Validity: “You Don’t Have Autism Because You Are Odd”

Some participants expressed that they knew what validity meant by referencing the DSM-5 workgroup and advocating for the diagnosis to be “valid and accurate.” Others used the term valid for other purposes, such as “it is not valid to have a diagnosis that caters to prejudice.” However, many participants discussed the validity—that the ASD criteria measures what it is intended to measure, ASD. Consensus among people with self-identified AD and AS diagnoses was not reached in discussions on validity. Some people felt that the new diagnosis is “too simplistic,” while others felt that it “narrows the spectrum.” A man described the potential consequences of the simplistic nature of the diagnosis:

I think they are proceeding in the wrong direction, simplifying things instead of becoming more detailed. AS is not simple. It is very, very complicated and even somewhat ambiguous at least in appearance. There are things about it that are extremely difficult to understand, and creating an apparently simpler means of dxing does nothing but make the doctors jobs easier. It does nothing for expanding the understanding of the condition.

Those who felt that the diagnosis was narrowed described specific aspects of their experience of AD or AS that do not appear in the DSM-5 ASD diagnosis: “executive function issues, sensory issues, and a variety of other issues that Aspies [AS] got through.”

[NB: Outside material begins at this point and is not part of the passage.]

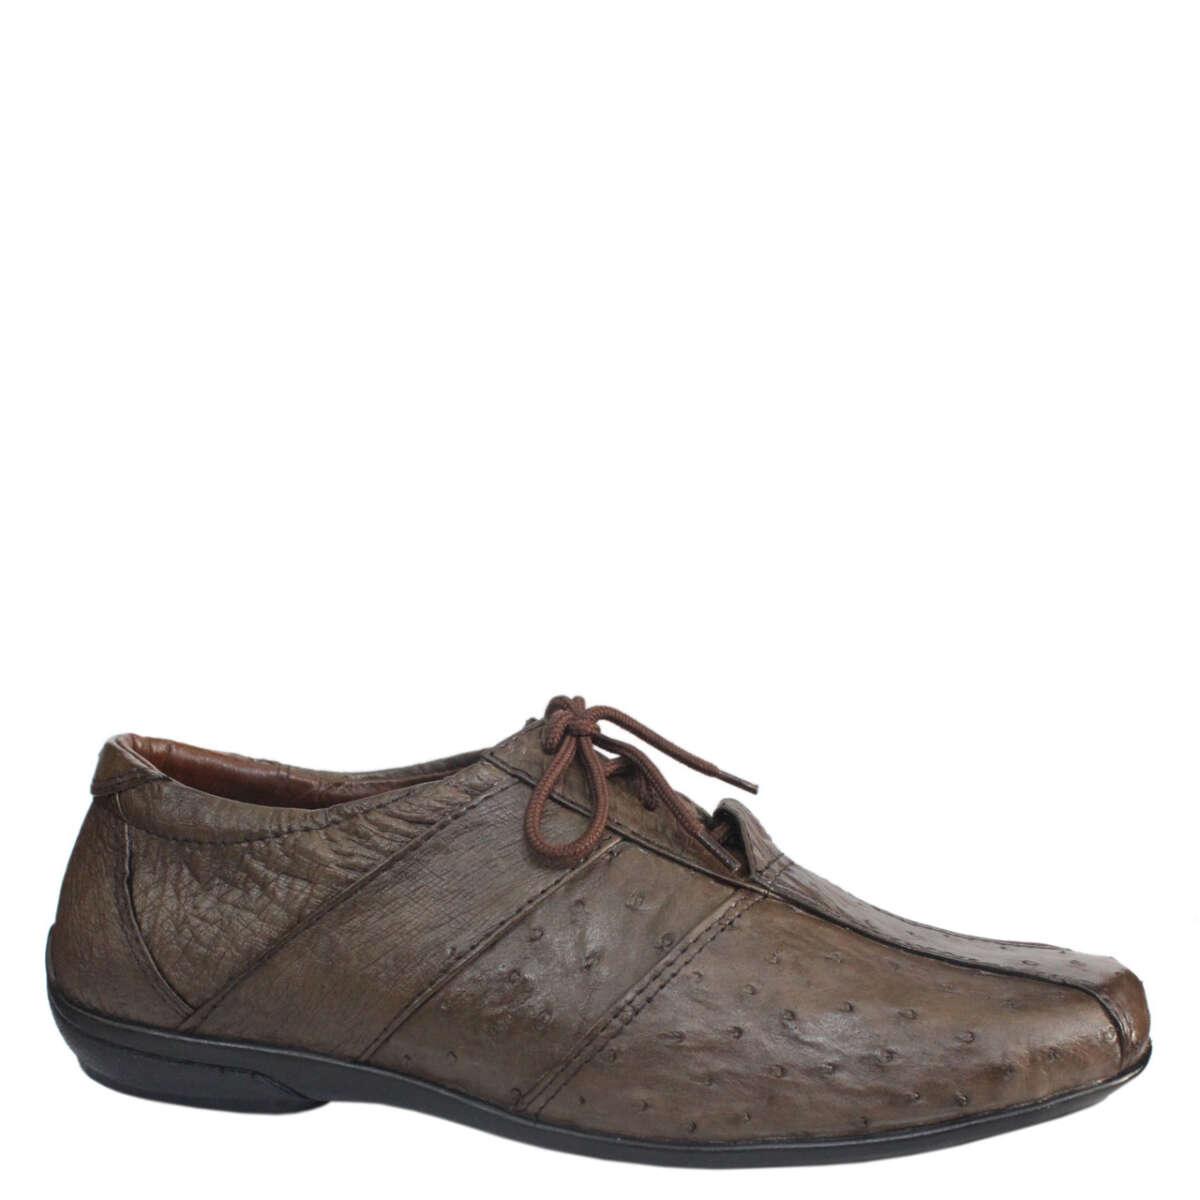 Giày nam da mình đà điểu E867a

While some people who self-identified with AS were concerned, others were confident about meeting the criteria for ASD in the DSM-5. Some people with AS felt as though they would not fit the criteria for the diagnosis, because it did not accurately reflect their symptoms, such as opaque sensory or communication issues. A woman who self-identified with AS explained:

My social difficulties are my most significant symptom and have caused me terrible problems, but I don’t think they are very accurately described when one simply says “deficits in nonverbal and verbal communication.” That makes it sound like you have to be obviously strange or inappropriate in how you communicate socially, rather than just being lost at understanding the social dance and being left out of being able to participate in it. I think my social deficits are better explained by the current more nuanced definition of AS.

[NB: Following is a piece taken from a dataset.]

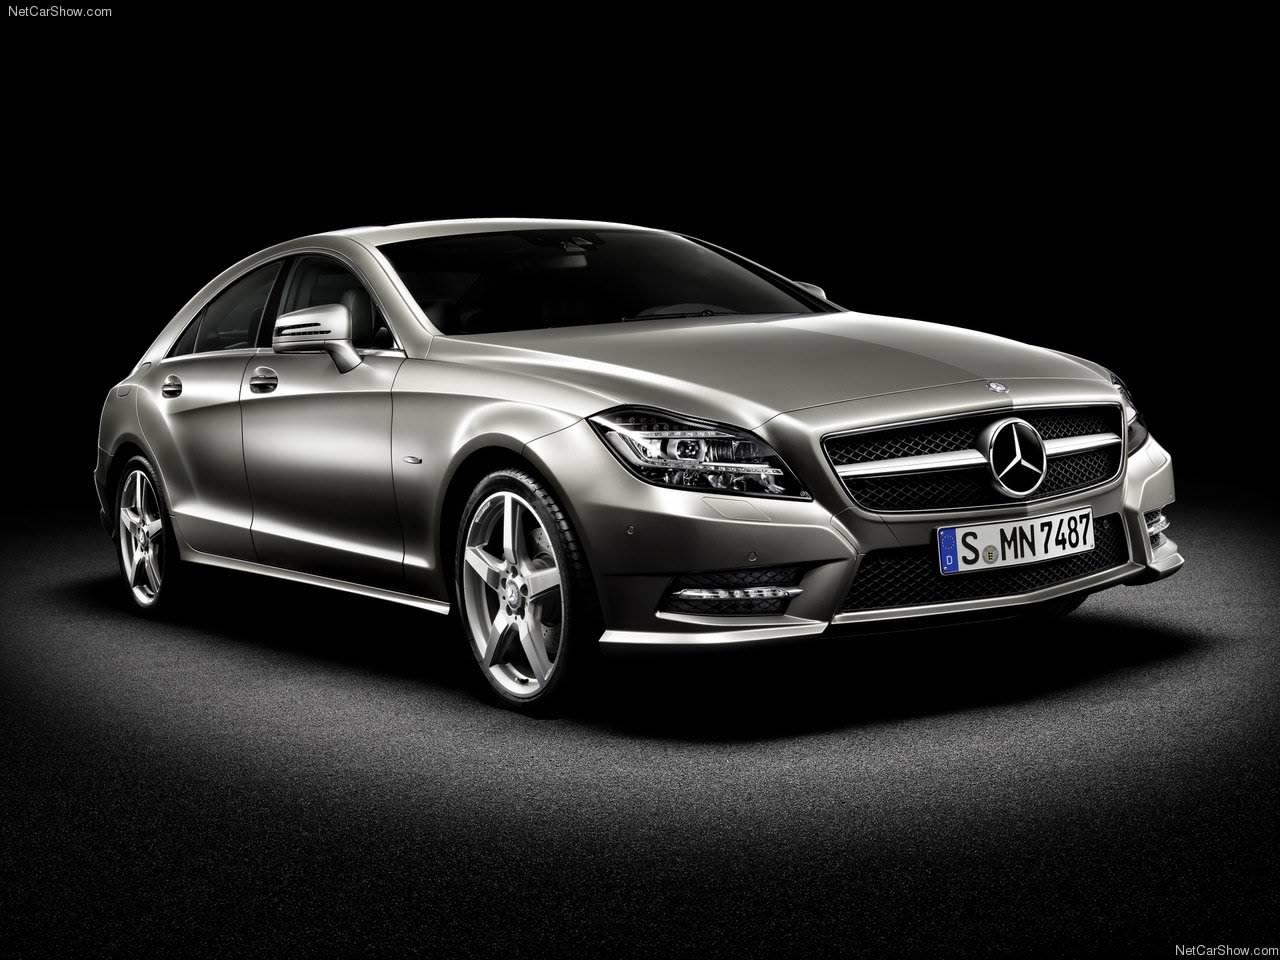 http://3.bp.blogspot.com/-Et0RosMTWZU/Tr0evEK_O4I/AAAAAAAAG9Q/DeYaYTMNROU/s1600/Mercedes-Benz-CLS-Class_2012_1280x960_wallpaper_03.jpg

In addition, another person explained that “Aspies typically do have language delays, the delays just show up well after the age of 3 years,” thus indicating that they may not easily fit into the ASD diagnosis.

Participants sometimes disagreed whether or not AS should be or is a part of ASD. If AS is a part of ASD, then some participants felt that they should easily be able to fit criteria for the DSM-5 ASD diagnosis:

I don’t understand how anyone diagnosed as autistic couldn’t fit the new criteria. It’s extremely basic. You don’t have autism because you are odd, you have autism because you’re impaired in social communication and have restricted behaviour and interests starting in childhood. And that’s basically what it calls for.

Neurobiological Research: “Whether or Not Asperger’s Is a Form of Autism”

People with self-identified AD and AS diagnoses were familiar with neurobiological research on AD and AS and wanted research to be reflected in the DSM-5 ASD diagnosis. Participants were knowledgeable of the limitations of neurological research: “Neuroscience is still a very new field, and there is a lot we don’t know.” Another woman who self-reported that she has AS and was a neuroscientist also said:

The fact that HFA [high-functioning AD] individuals have a speech delay and Aspies don’t says that there is something different about HFA brains than Aspie brains. Maybe the difference is small, but we need to find out for neuroscience’s sake. And if the label of Asperger’s gets trashed, these differences may never be found.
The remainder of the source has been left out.